Despite the struggles of growing up as a British Pakistani woman, I love how Pakistani women can bring communities together, especially on my street. Whenever anybody is in need or any neighbour goes hungry, we cook them up a treat or lend them a helping hand, regardless of their race or culture, just so they know they are loved and welcome. Women of colour have so much power, resilience, strength and kindness, I know this as I've experienced it through my mother, grandmother and great grandmother.

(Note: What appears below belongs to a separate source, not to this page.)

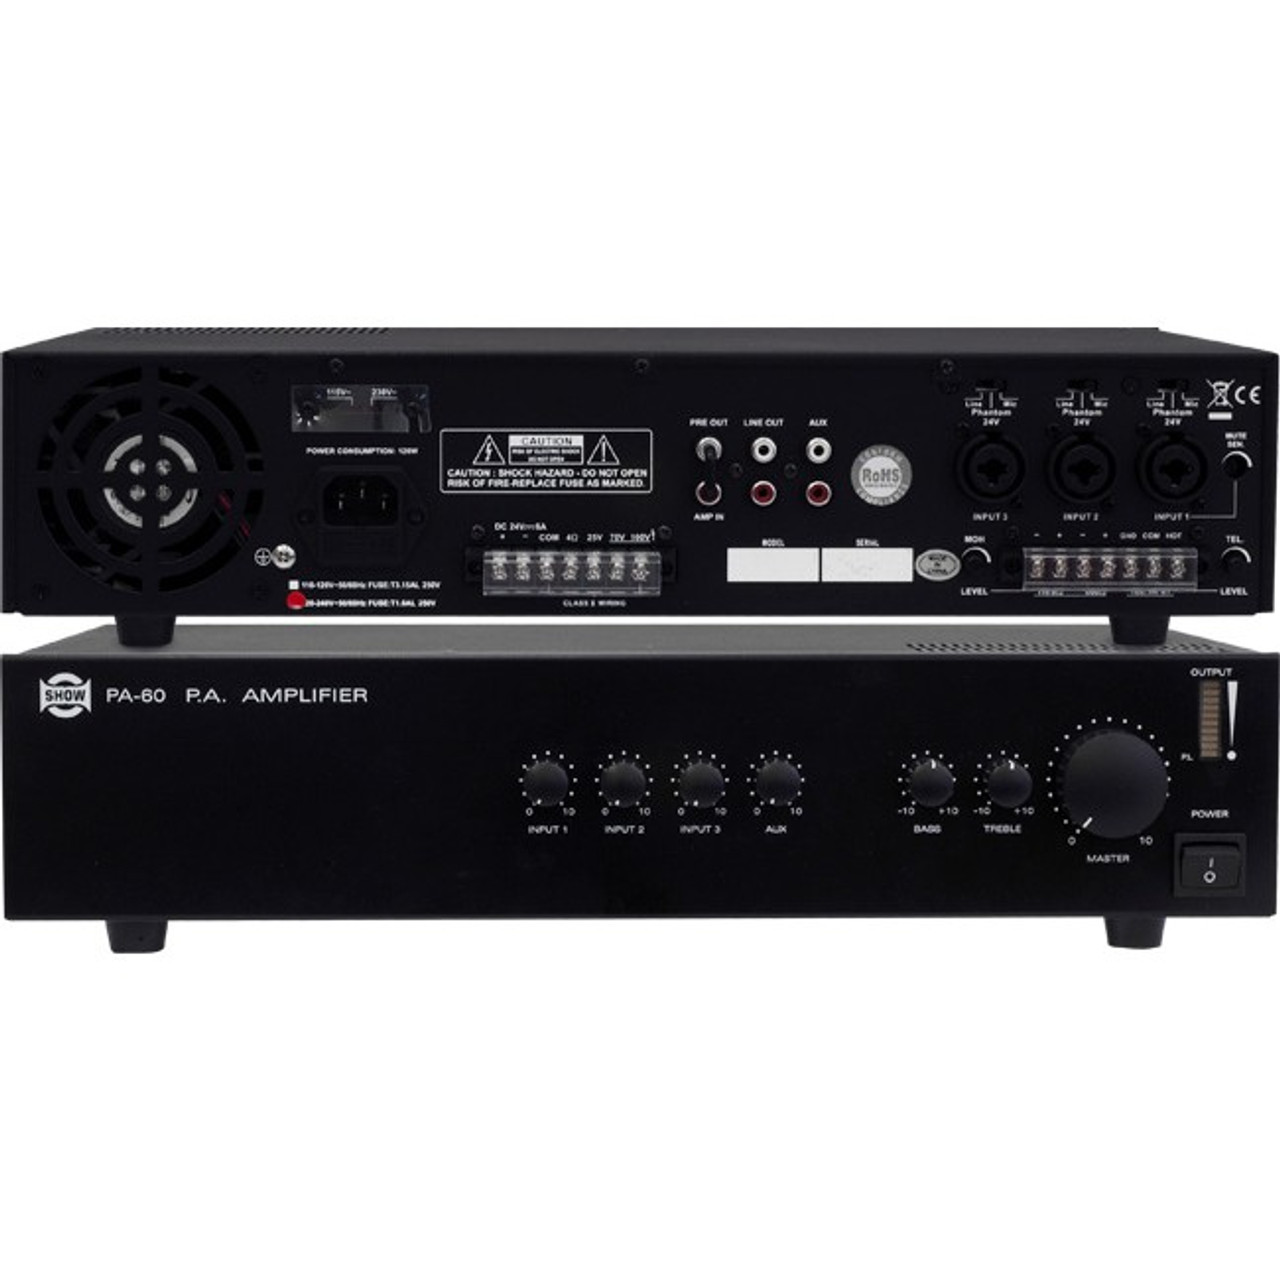 SHOW PA60 60W High Performance Professional Multiplex Amplifier - Black
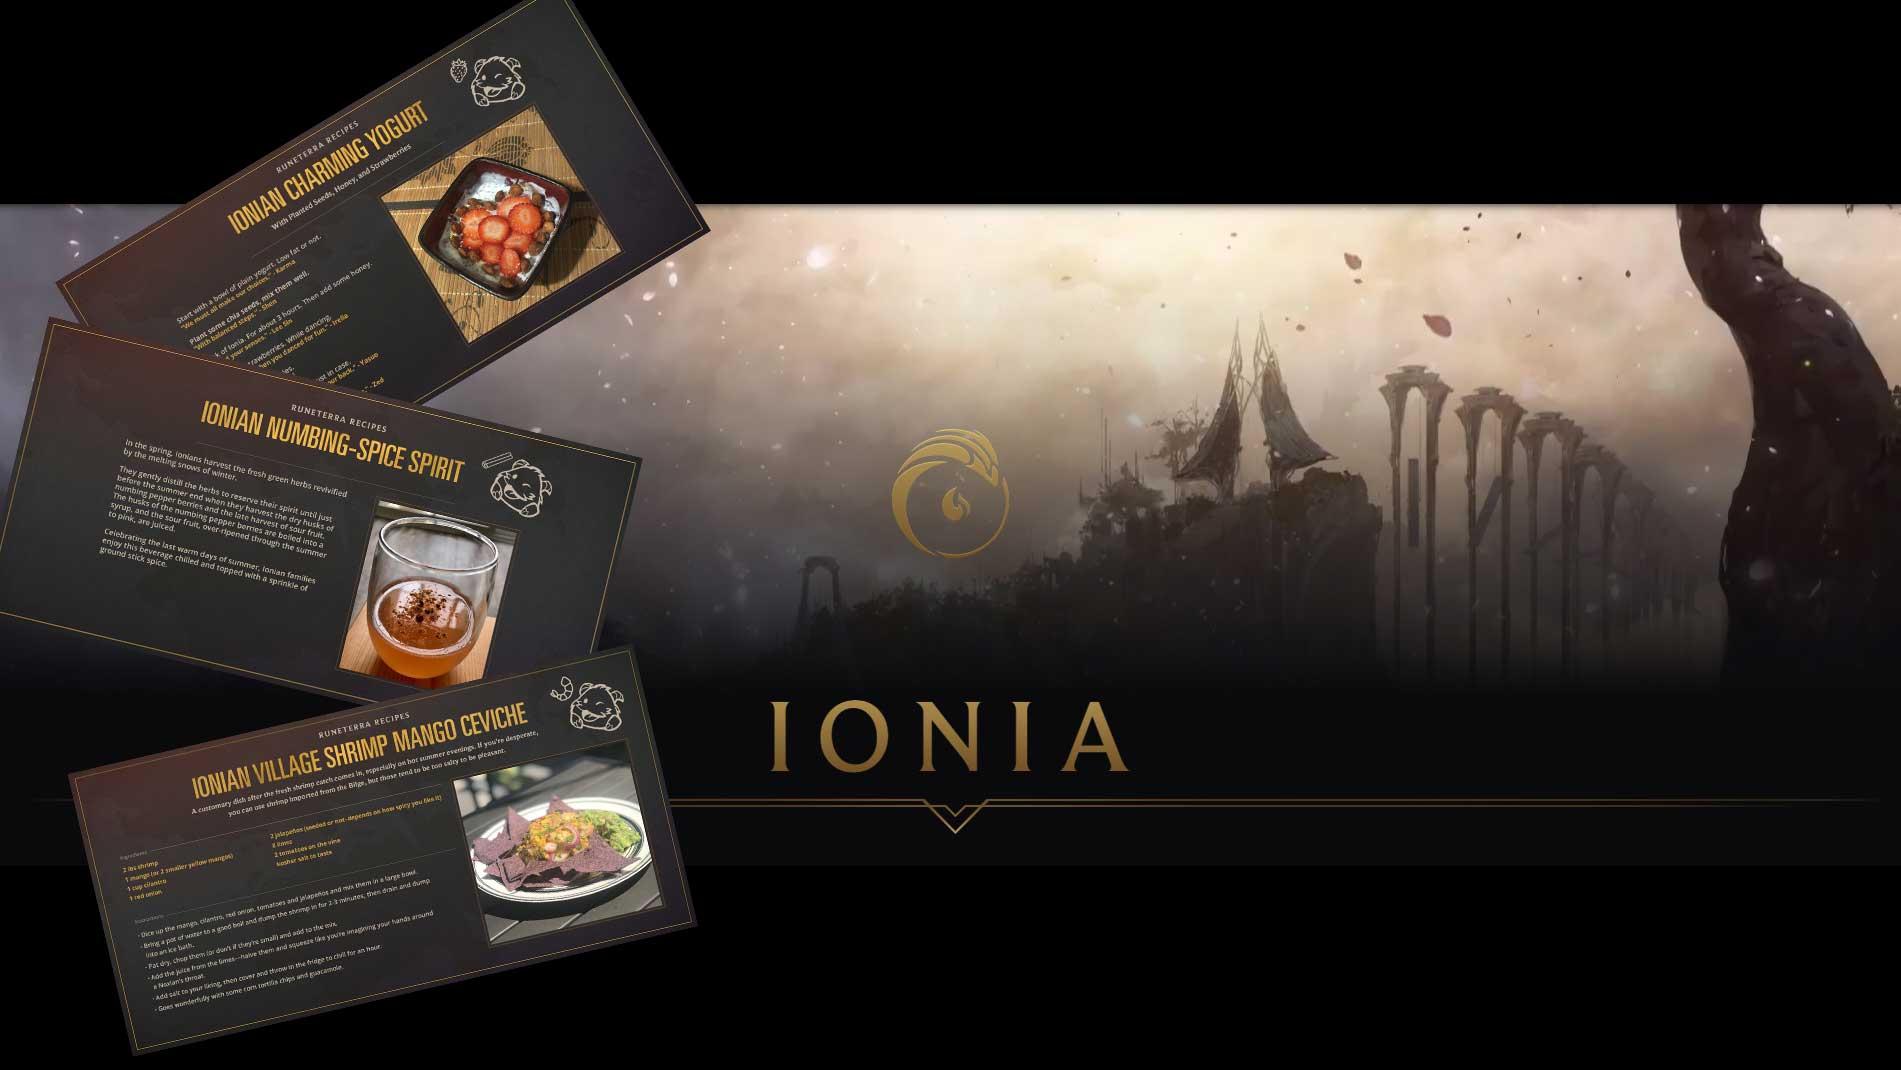 Ionia banner babt

For me to pass down to the next generation and so fourth.


I also love my Pakistani culture - from the yummy food, to the elegant fashion and style, the beautiful poetry and music and the rich history of our heritage.


Hanan, 20

I don’t feel as empowered as I should be, mainly because of the reactions I do get when I tell people where I come from. There was a period of time where I just stopped telling people because I was afraid of their responses. It’s quite difficult to be appreciated as a Syrian woman in the UK when most people don’t even know what that means. I do feel guilty because I don’t face the same type of discrimination as other Arabs do, and it’s based off of the fact that I do look white. Unless I tell people that I am Syrian. It eliminates that sense of fear that I’m sure a lot of people in my community must experience. I’ve had to consciously make the decision to validate my own experiences and identity. I’m proud to be a Syrian woman.



*Due to COVID-19 travel restrictions, some participants were unable to attend the photoshoot.